Saturday 4 April 2020

WHITE BEAR COMMERCIAL HOTEL EARLY 20th CENTURY




by Dave Roberts

Here we are back in the familiar surroundings of Wheelock Street, a thoroughfare which seems to stay the same the more it changes.
The main focus of this particular picture from the Paul Hough collection is, of course, The White Bear Hotel, currently enjoying a new lease of life and certainly looking more spick and span these days than it did when this picture was taken, in the days when it was a 'commercial hotel' and catered for travelling salesmen (known these days as 'reps').
It's interesting to note the side door, long ago bricked up and replaced by a window.
Middlewich (Images of England) by J Brian Curzon and Paul Hurley (Tempus Publishing 2005) features a photograph taken around the same time (page 67)along with this one (page 105).
Messrs Curzon and Hurley also tell us that Wheelock Street  boasted several other pubs at the time (circa 1904) and they were: The Commercial, The Bulls Head, The Black Bear, The Red Lion, The White Lion and The Red Cow
This is useful, because we've been trying to identify the pub on the opposite side of the road in this picture and, so far, can only make out the word 'Inn' on the sign.
We can, of course, rule out the Red Lion and the Red Cow, which were both at the top end of the street, so that leaves us with a choice of the others.
The pub in question looks too small to be a commercial hotel with the same status as The White Bear, so that might rule out The Commercial (although it would make sense for two commercial hotels to be on opposite sides of the street).
So could this 'Inn' be The Bulls Head, The Black Bear or the White Lion? The word 'Inn' could follow any of those.

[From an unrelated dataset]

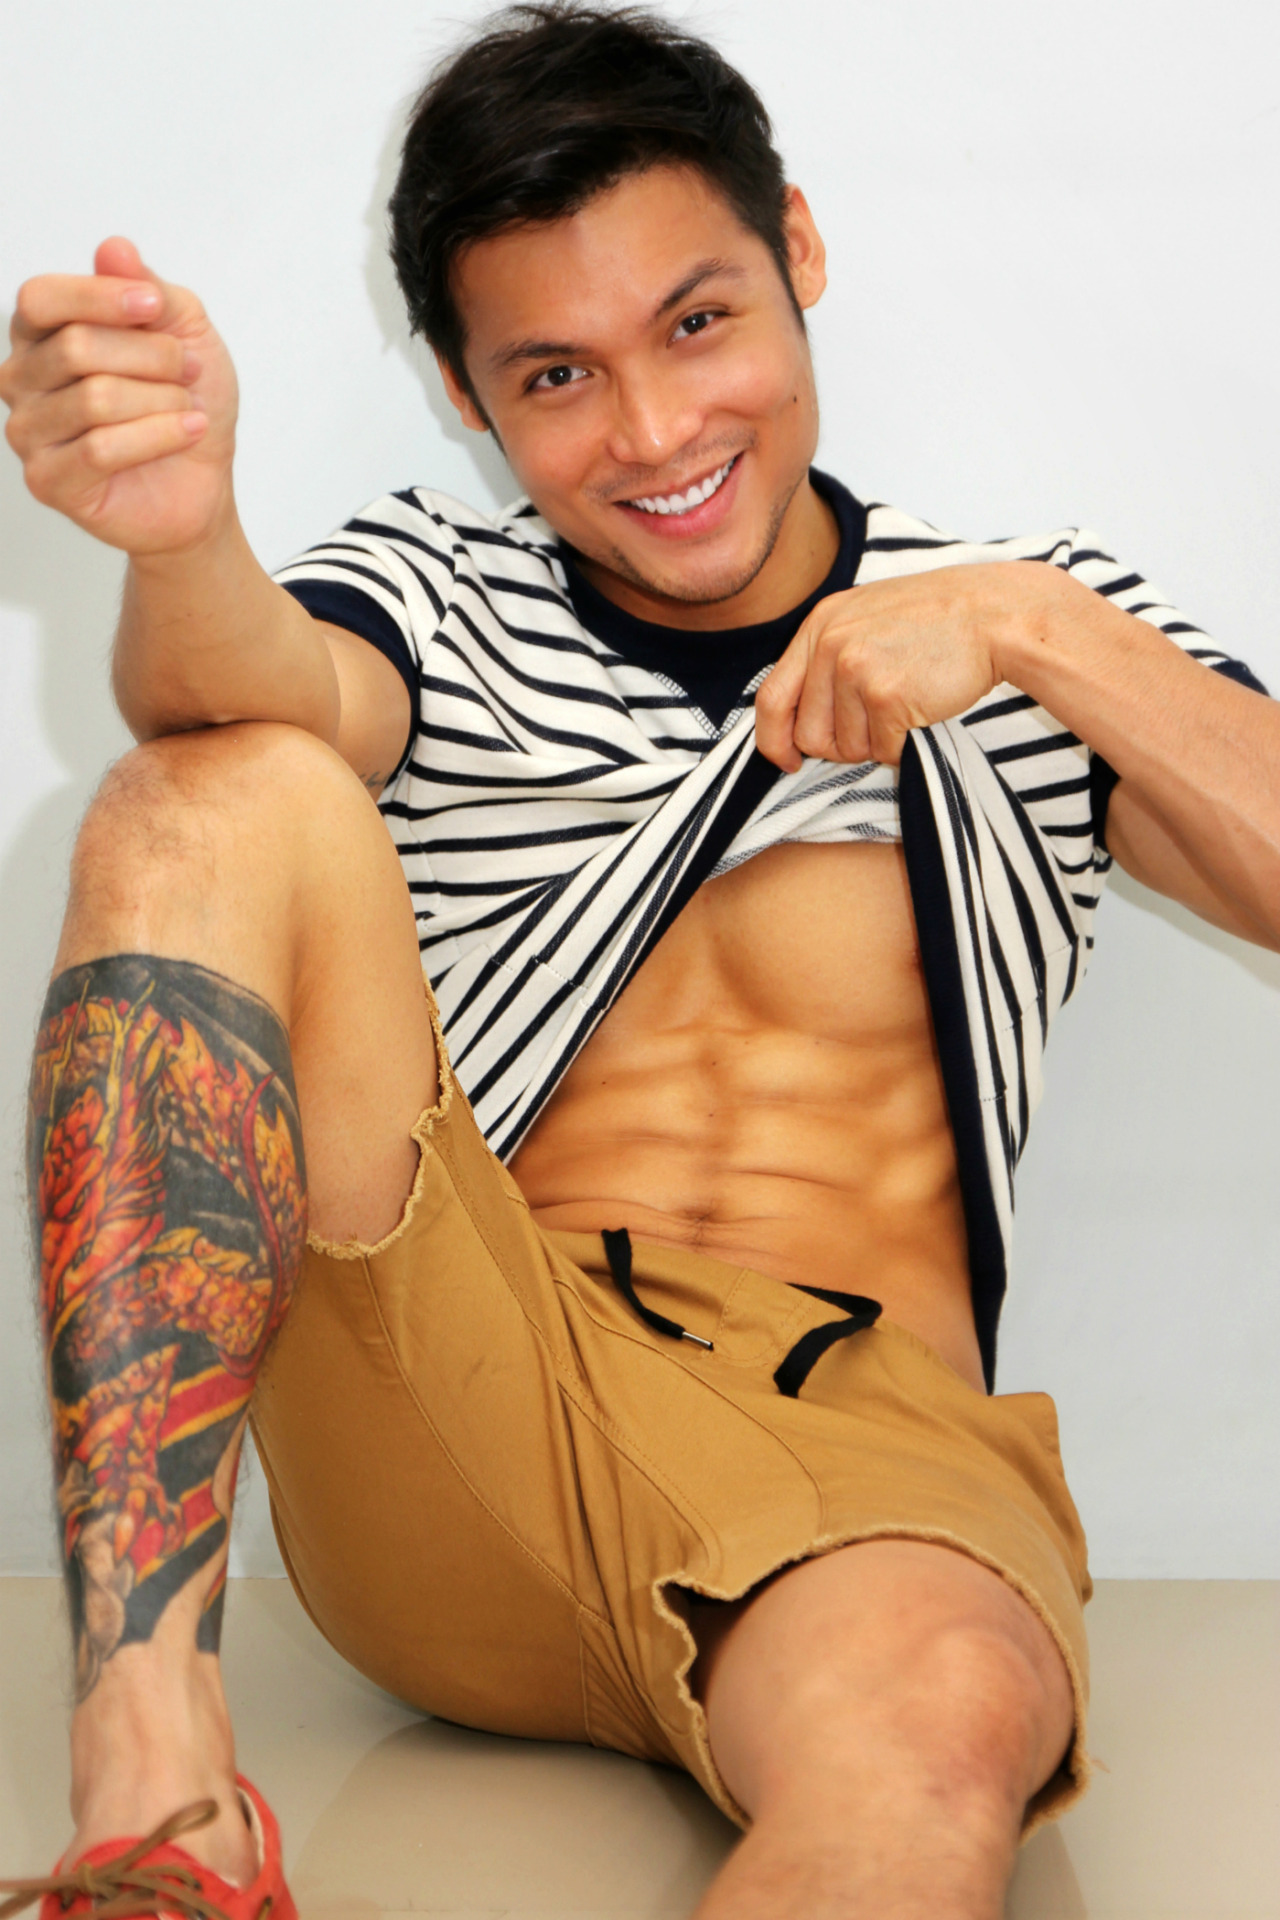 rome-grant-jay-gonzaga-actor-model-philippines-01.jpg
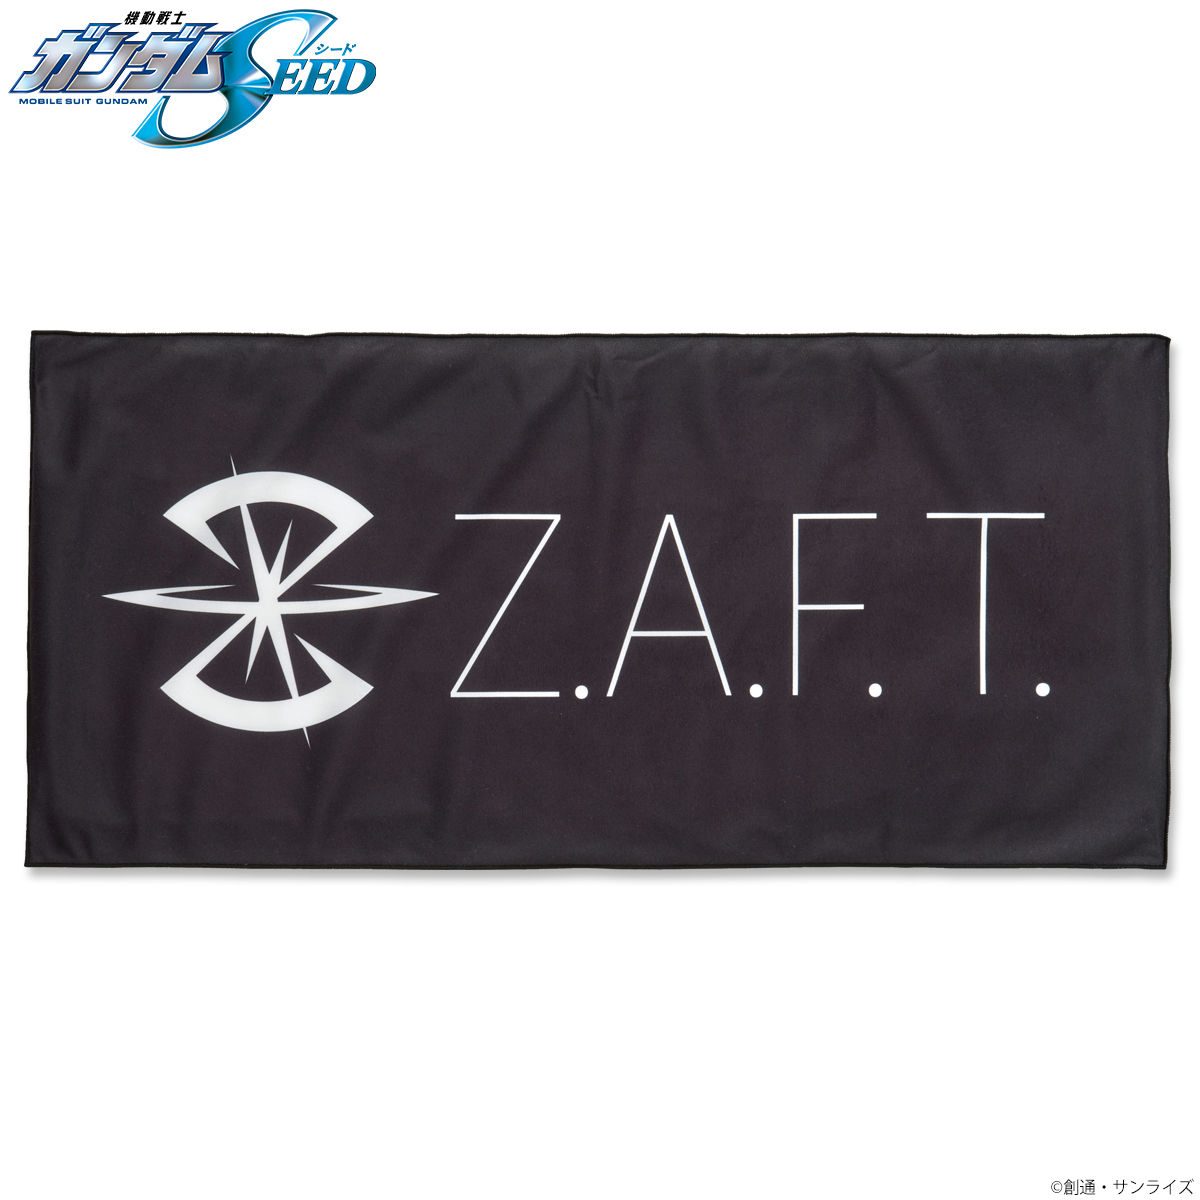 Mobile Suit Gundam SEED ZAFT Emblem Face Towel

Anyone know which it is?
We can safely date this photograph as prior to 1920 because that is when the familiar Alhambra cinema was built, its arched ornamental frontage fitting in perfectly between the two gabled buildings on either side and replacing the much lower and much older building seen here.
In fact so well does it fit into its surroundings that it gives the impression of always having been there, to such an extent that to see this still recognisable Wheelock Street scene without it comes as a slight shock.

Editor's Note:
This proved to be the shortest-lived and most easily solved 'conundrum' so far, largely due to the fact that Geraldine Williams has a good memory, particularly when it comes to her own collection of postcards:

Geraldine Williams: One of the previous Wheelock Street postcards showed the inn sign from the other direction and it seemed to read The Bull's Head Inn'

Here's the link to the relevant Diary entry, which reveals that we've already answered our own question...



...there's also some additional information about Wheelock Street and the Alhambra
ORIGINALLY PUBLISHED 3rd OCTOBER 2019
RE-PUBLISHED 5th April 2020 (TEST)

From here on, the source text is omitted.